Thanks! I'll give more effort to understand your suggestion & that Norm thing.

----- Original Message ----- From: "MitchK" <mitc...@web.de>
To: <solr-user@lucene.apache.org>
Sent: Tuesday, August 24, 2010 5:28 AM
Subject: Re: Doing Shingle but also keep special single word



No, I mean that you use an additional field (indexed) for searching (i.e.
whitespace-tokenized, so every word - seperated by a whitespace - becomes to
a token .
So you have got two fields (shingle-token-field and single-token-field).
So you can search accross both fields.
This provides several benefits: i.e. you can boost the shingle-field at
query-time, since a match in a shingle-field would mean, that there matches
an exact phrase.

Additionally: You can search with single-word-queries as well as
multi-word-queries.
Furthermore you can apply synonyms to your single-token-field.

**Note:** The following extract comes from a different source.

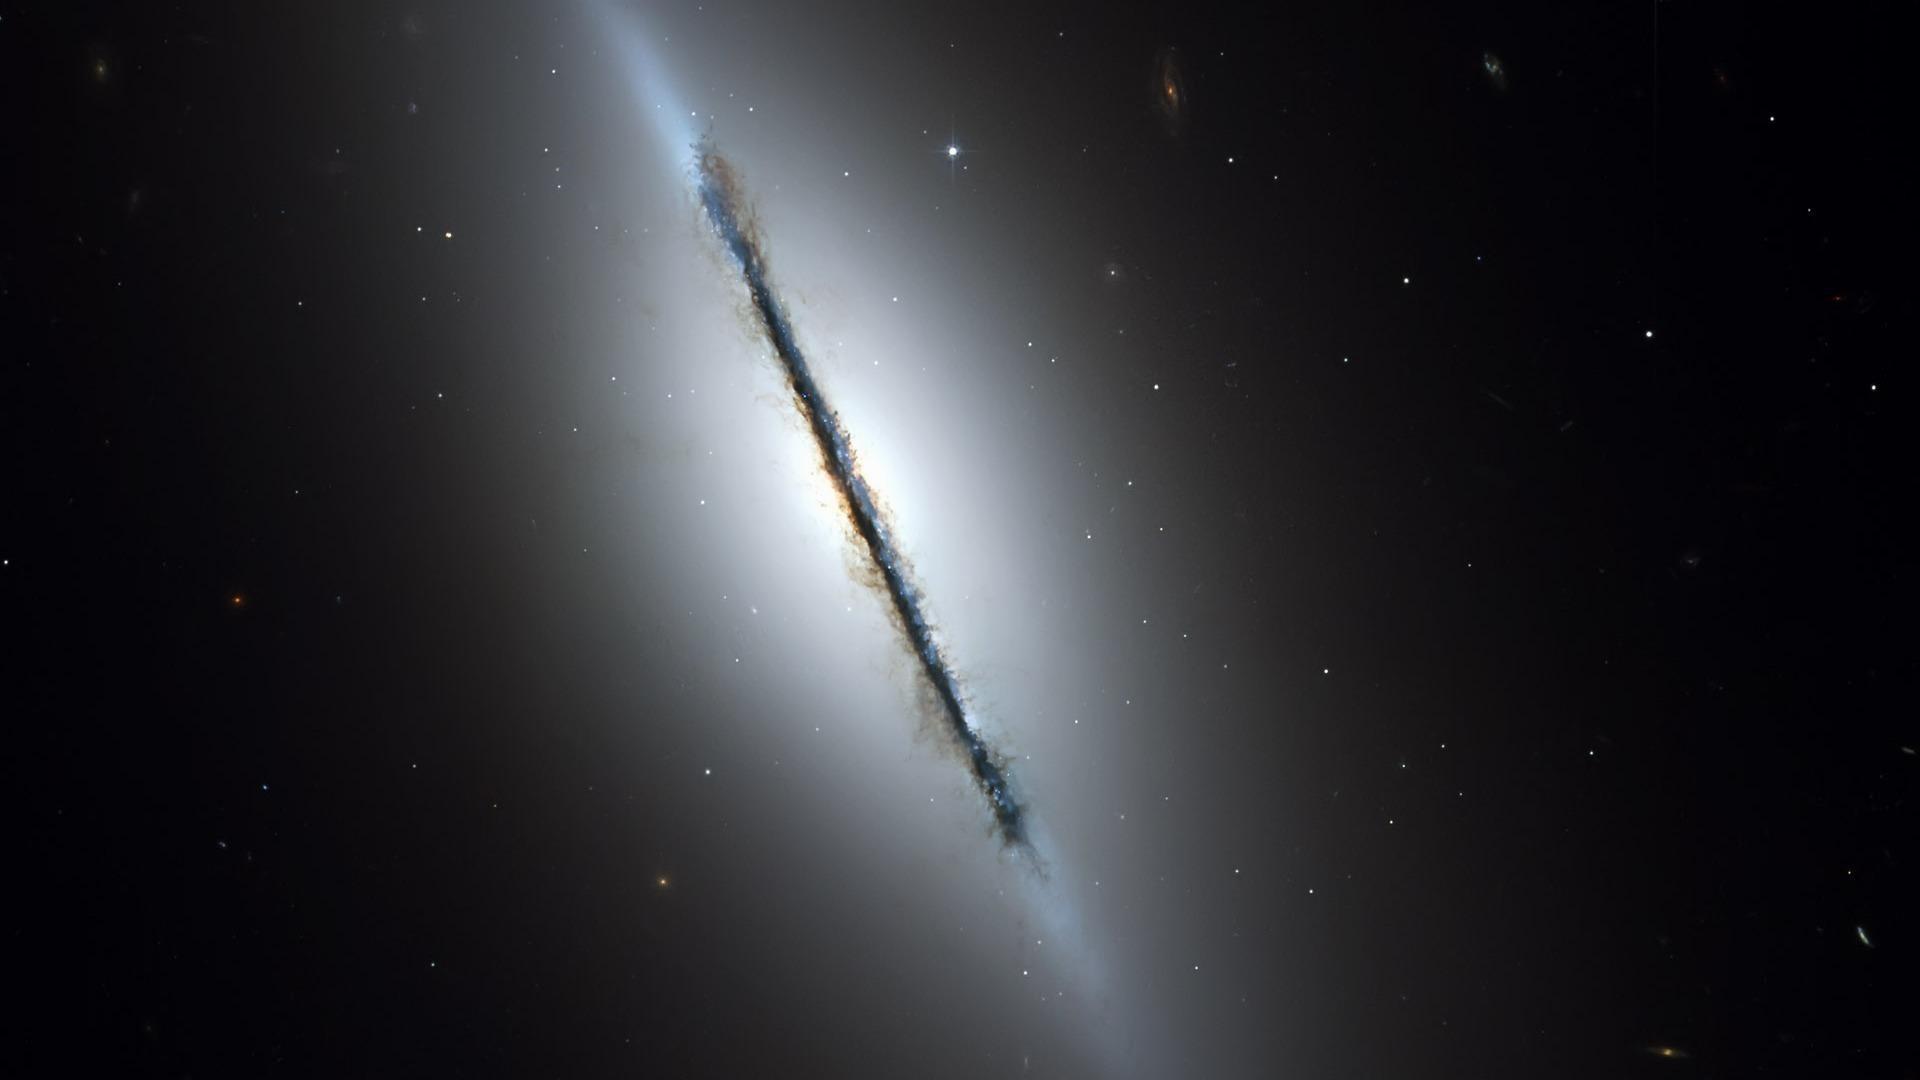 wallpaper.wiki-Hubble-Photos-HD-1920×1080-PIC-WPD003234
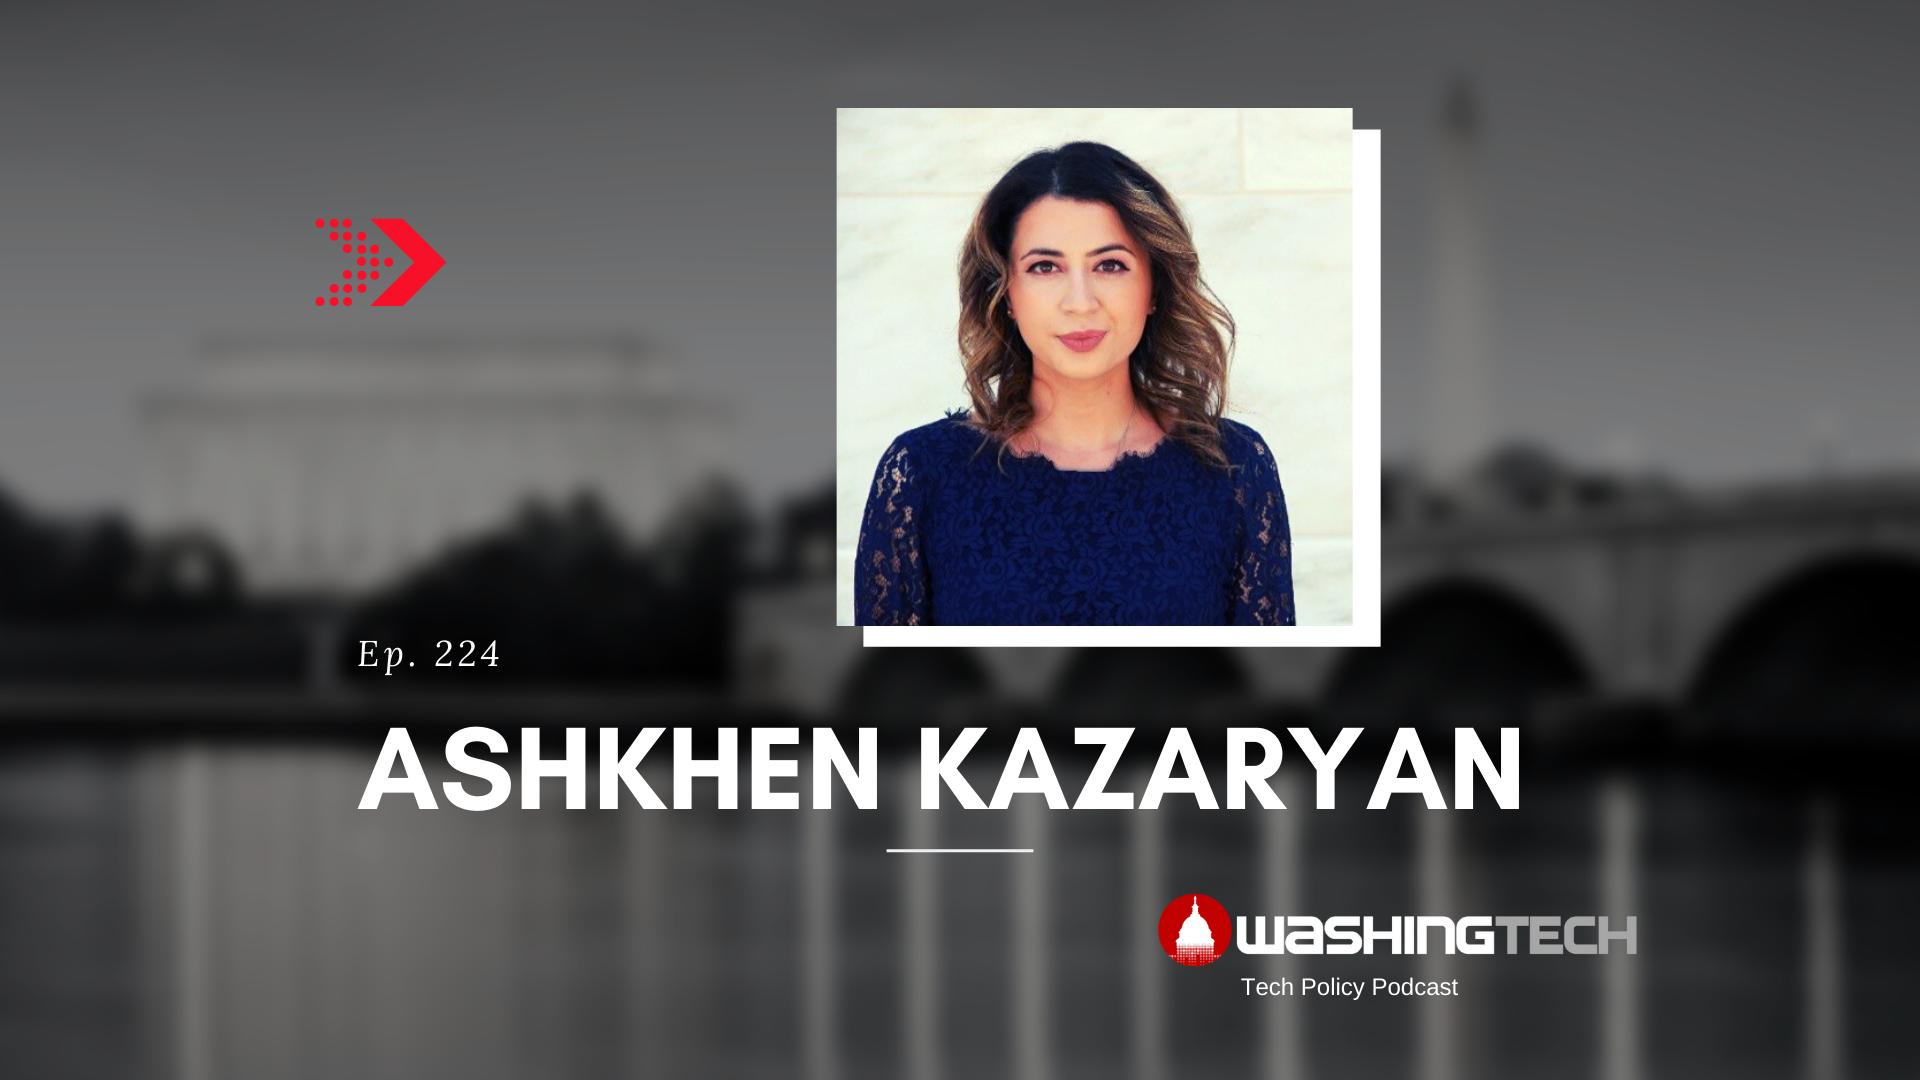 Ashkhen Kazaryan

If you want to keep your index as small as possible but as large as needed,
try to understand Lucene's similarity implementation to consider, whether
you can set the field option "omitNorms"=true or
omitTermFreqAndPositions="true".
http://lucene.apache.org/java/3_0_1/api/all/org/apache/lucene/search/Similarity.html
Keep in mind what happens, if you omit one of those options.

A small example of the consequences of setting omitNorms = true;.
doc1: "this is a short example doc"
doc2: "this is a longer example doc for presenting the effect of omitNorms"

If you are searching for "doc" while omitNorms=false your response will look
like this:
doc1,
doc2
This is because the norm-value for doc1 is smaller as the norm-value for
doc2, because doc1 is shorter than doc2 (have a look at the provided link).

If omitNorms=true, the scores for both docs will be equal.

Kind regards,
- Mitch


scott chu wrote:

I don't quite understand additional-field-way? Do you mean making another
field that stores special words particularly but no indexing for that
field?

Scott

----- Original Message ----- From: "MitchK" <mitc...@web.de>
To: <solr-user@lucene.apache.org>
Sent: Sunday, August 22, 2010 11:48 PM
Subject: Re: Doing Shingle but also keep special single word



Hi,

keepword-filter is no solution for this problem, since this would lead to
the problematic that one has to manage a word-dictionary. As explained,
this
would lead to too much effort.

You can easily add outputUnigrams=true and check out the analysis.jsp for
this field. So you can see how much bigger a single field will become
with
this option.
However, I am quite sure that the difference between using
outputUnigrams=true and indexing in a seperate field is not noteworthy.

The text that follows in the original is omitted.